As riders we tend to have strong calf muscles; however, just because they are strong does not always mean they are functioning properly. Our calves serve as the heart of the lower body — the two main muscles in the lower leg, the gastrocnemius and the soleus, assist the cardiovascular system in pumping blood back up to the heart with each step. This is part of the reason you are encouraged to get up and walk around on long flights.
I commonly encounter riders who suffer from overly tight calves that has a profound impact on the galloping position, as well as common human lameness like plantar fasciitis. As humans we should pay as much attention to stretching our calves as we do our hamstrings.
For this exercise you will need a step or a solid mounting block.
- Place the ball of your foot on the step, place your hand on a railing or a wall to steady yourself. (This is not the place to add balance work in as bouncing, hopping and sudden movements will increase your chance of injury.)
- Drop your heels down toward the floor.
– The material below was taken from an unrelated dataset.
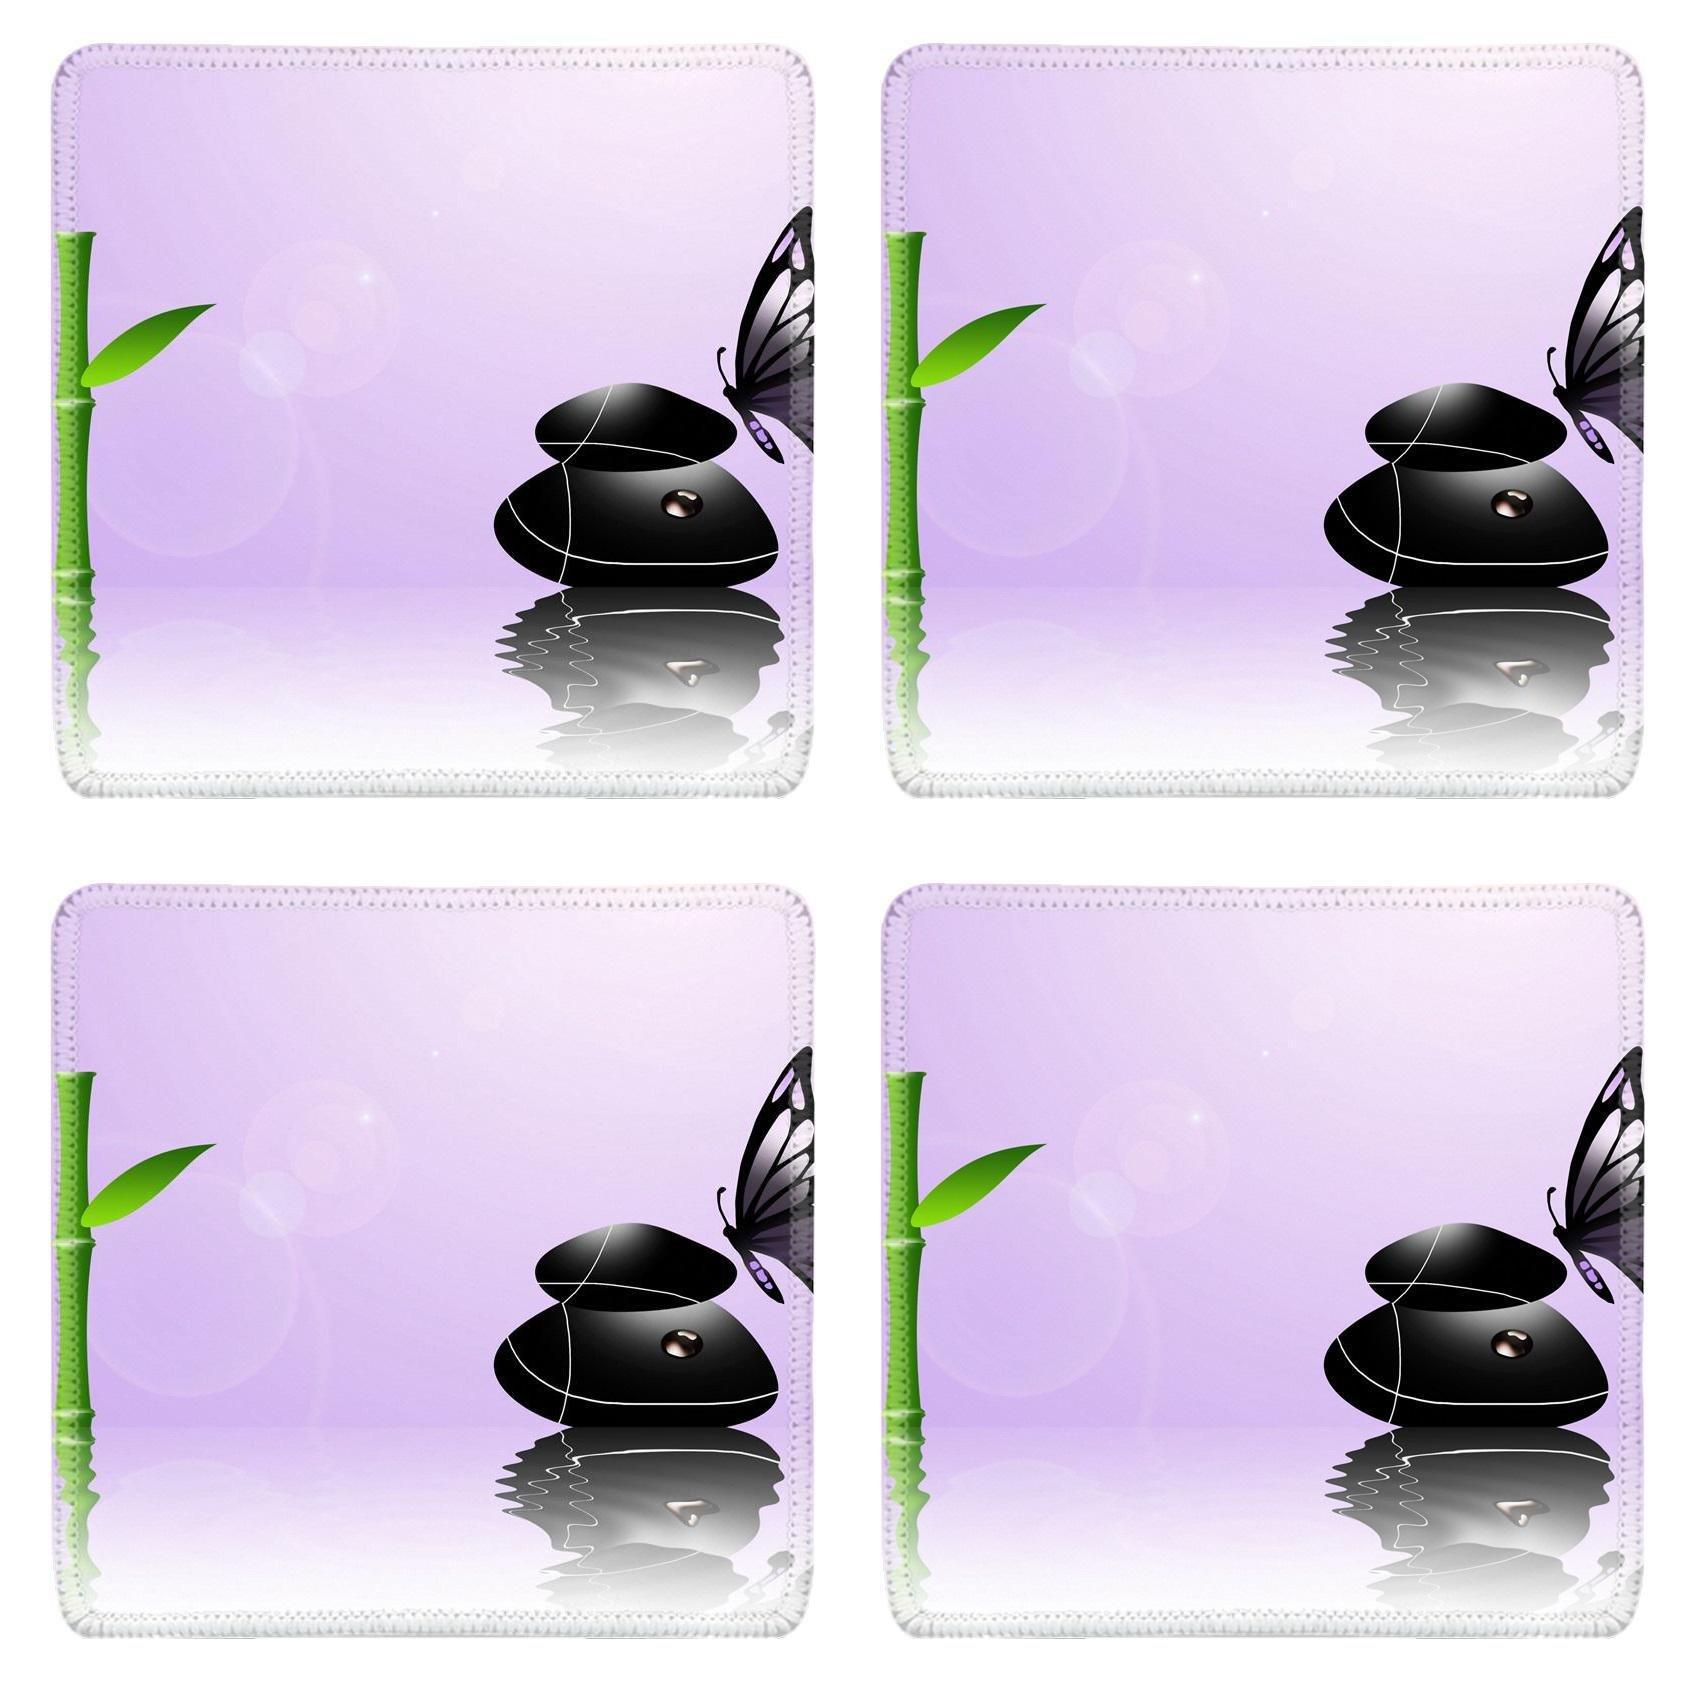 MSD Square Coasters Non-Slip Natural Rubber Desk Coasters design 20583575 Spa Background

At the bottom of the range of motion hold that static position for five seconds.
- Next with your hand supporting you on the wall, slowly rise up pressing your toes into the step and contracting in your calves. Go for your full range of motion — this will be different for everyone.
- Complete this exercise for two minutes and you will be feeling quite the burn in your lower leg and possibly your glutes and hamstrings.
- Finish by holding the start position for at least 30 seconds.
Jaclyn Burke is one of my idols and time management gurus. The amount of things she can accomplish in a day is second to none. Jaclyn owns and operates Burke Equestrian out of Hablyn Hills Equestrian Center in the heart of Area II. Jaclyn specialize in bringing OTTBs up through the levels and she has competed at the CCI3*-L level, with goals and plans to get back with her talented string of three competition horses.
As if running and managing a success competition, training and lesson program were not enough, she also has a full-time job at Workday, a software company that helps businesses optimize the back office processes. For Jaclyn hacks are often filled with phone calls but when she gets down to riding and teaching she strives to be 100% present in the moment. Even with her extremely busy schedule she makes the time to prioritize her own fitness as she can feel the difference when exercise moves onto the back burner.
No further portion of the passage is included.